**Exercise aim:** Produce an exact copy of all the data below, dropping every image.
--- Information provided Enclosed Below ---
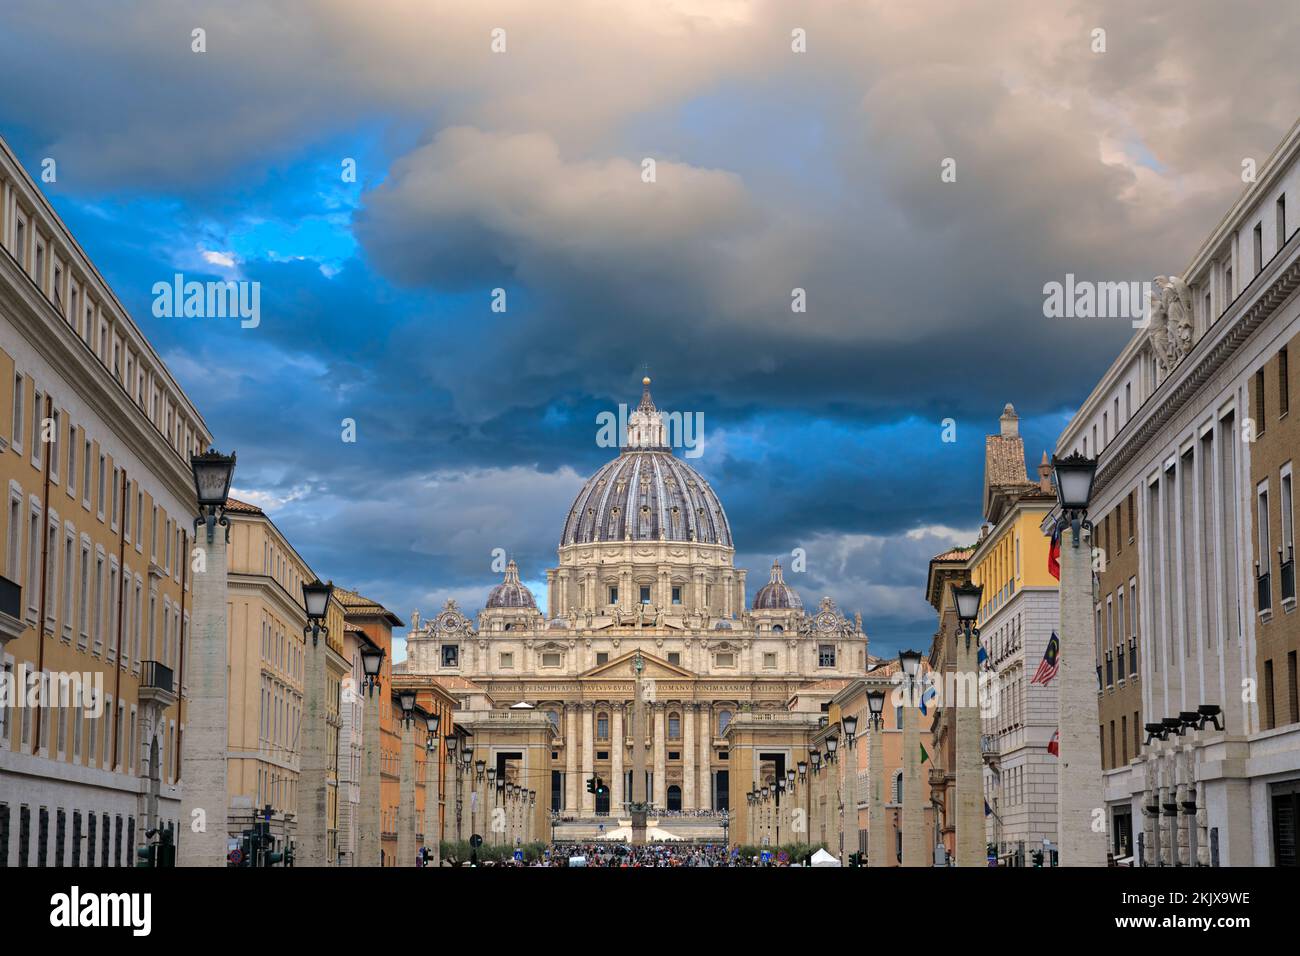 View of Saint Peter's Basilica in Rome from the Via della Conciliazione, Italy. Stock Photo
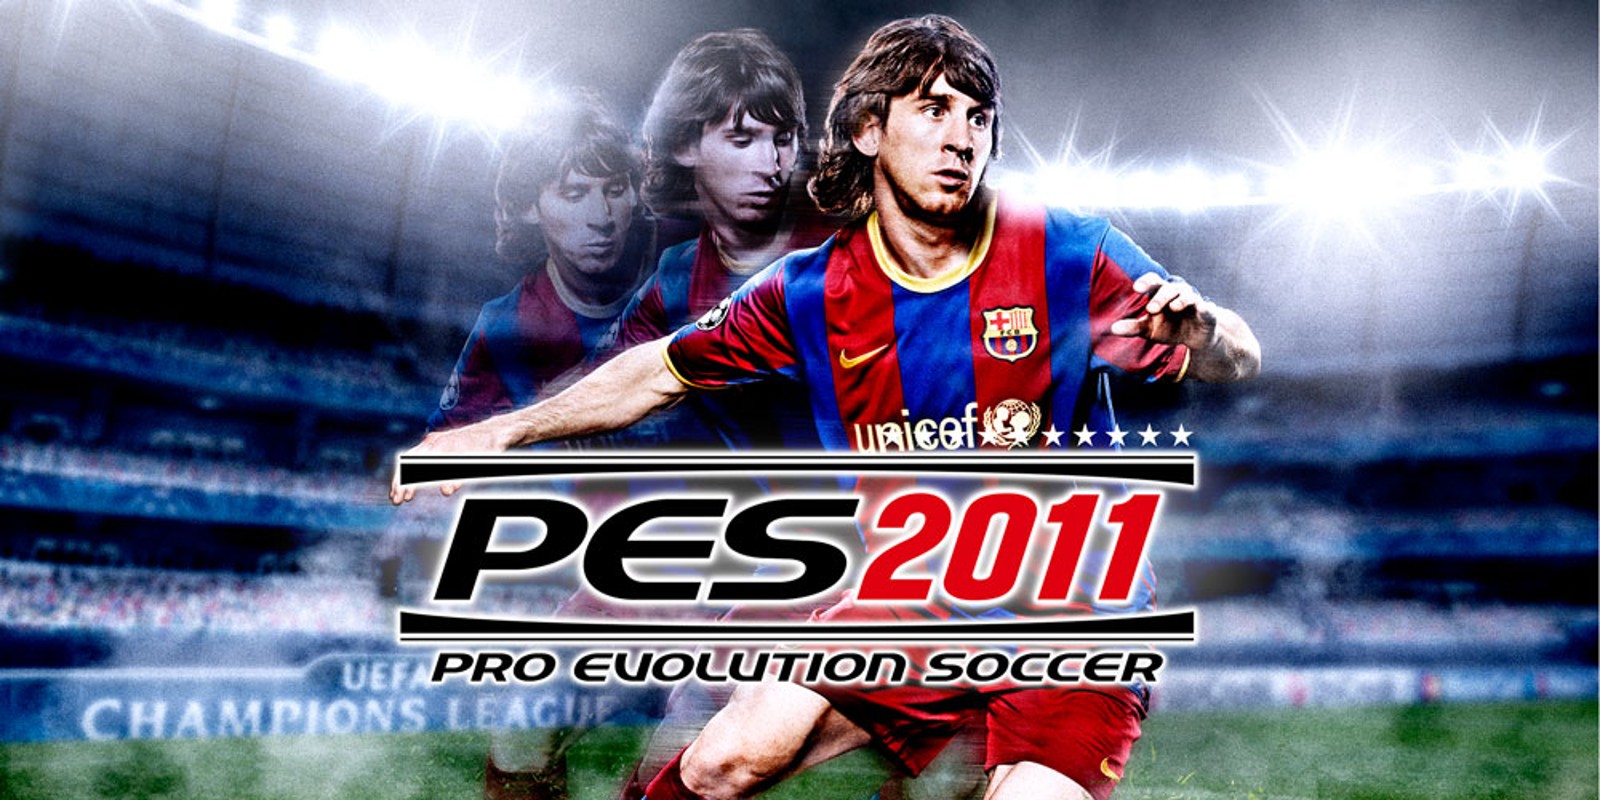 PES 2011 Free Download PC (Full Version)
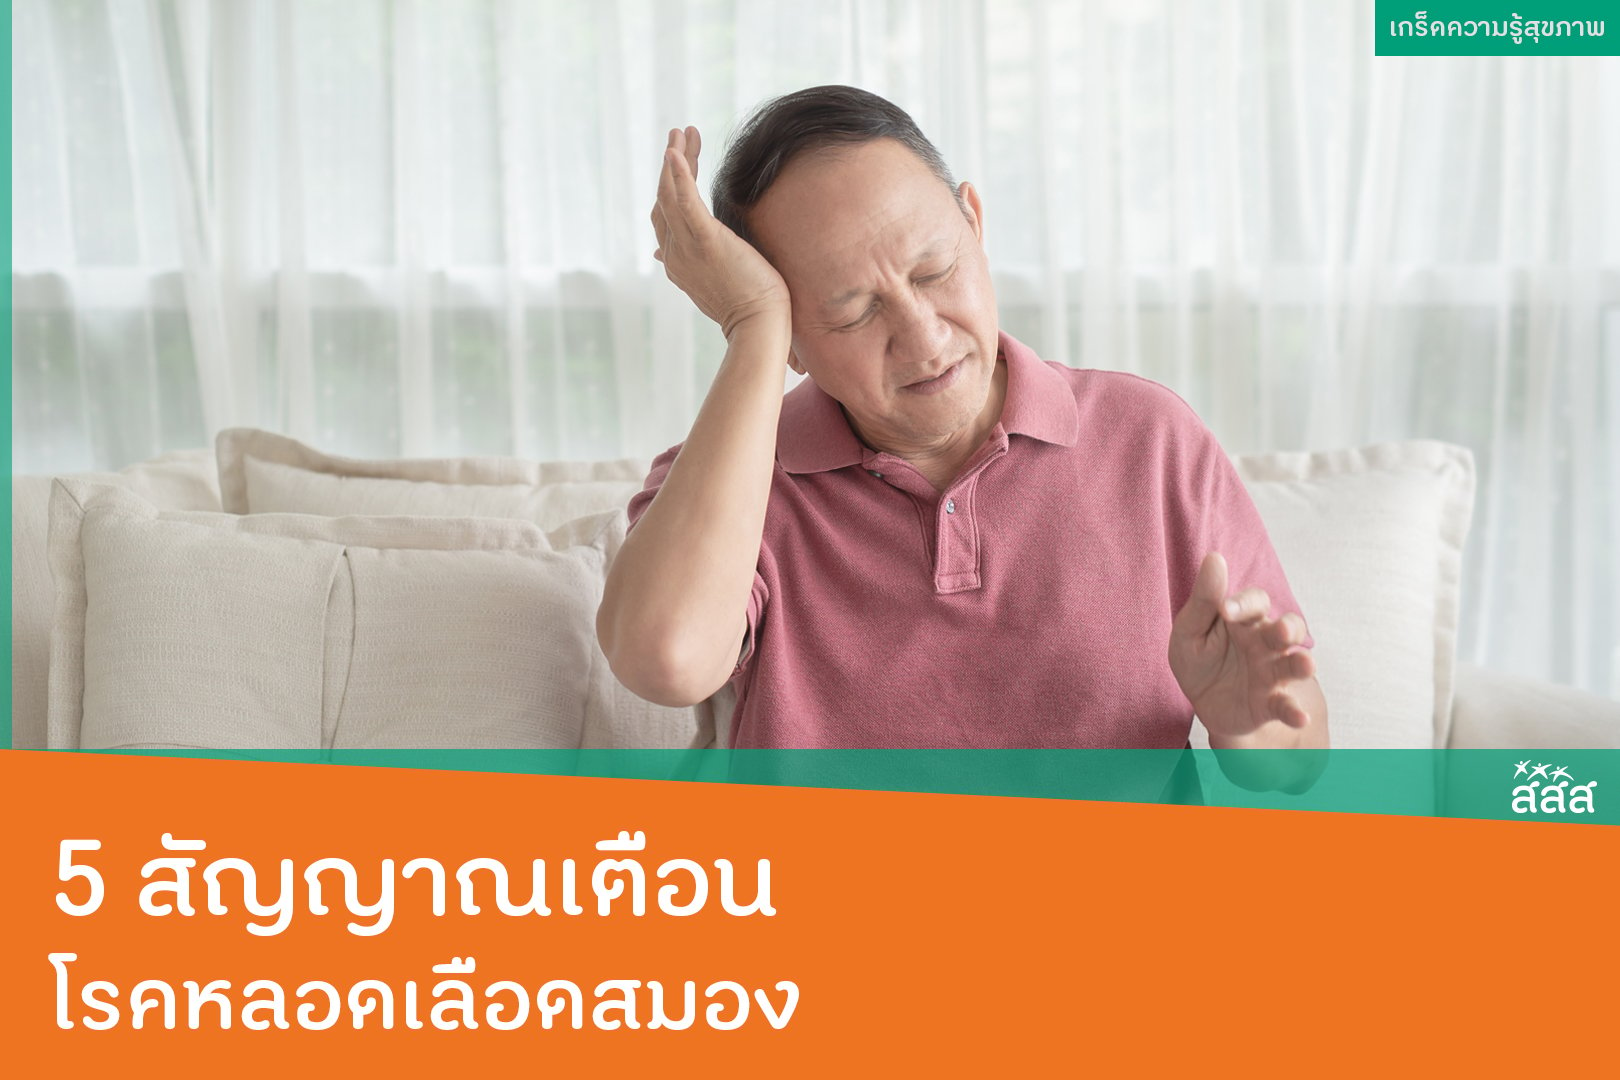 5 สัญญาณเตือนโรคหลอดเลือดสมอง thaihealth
--- End of Enclosed Information provided ---
**Answer area:**
 View of Saint Peter's Basilica in Rome from the Via della Conciliazione, Italy. Stock Photo
 PES 2011 Free Download PC (Full Version)
 5 สัญญาณเตือนโรคหลอดเลือดสมอง thaihealth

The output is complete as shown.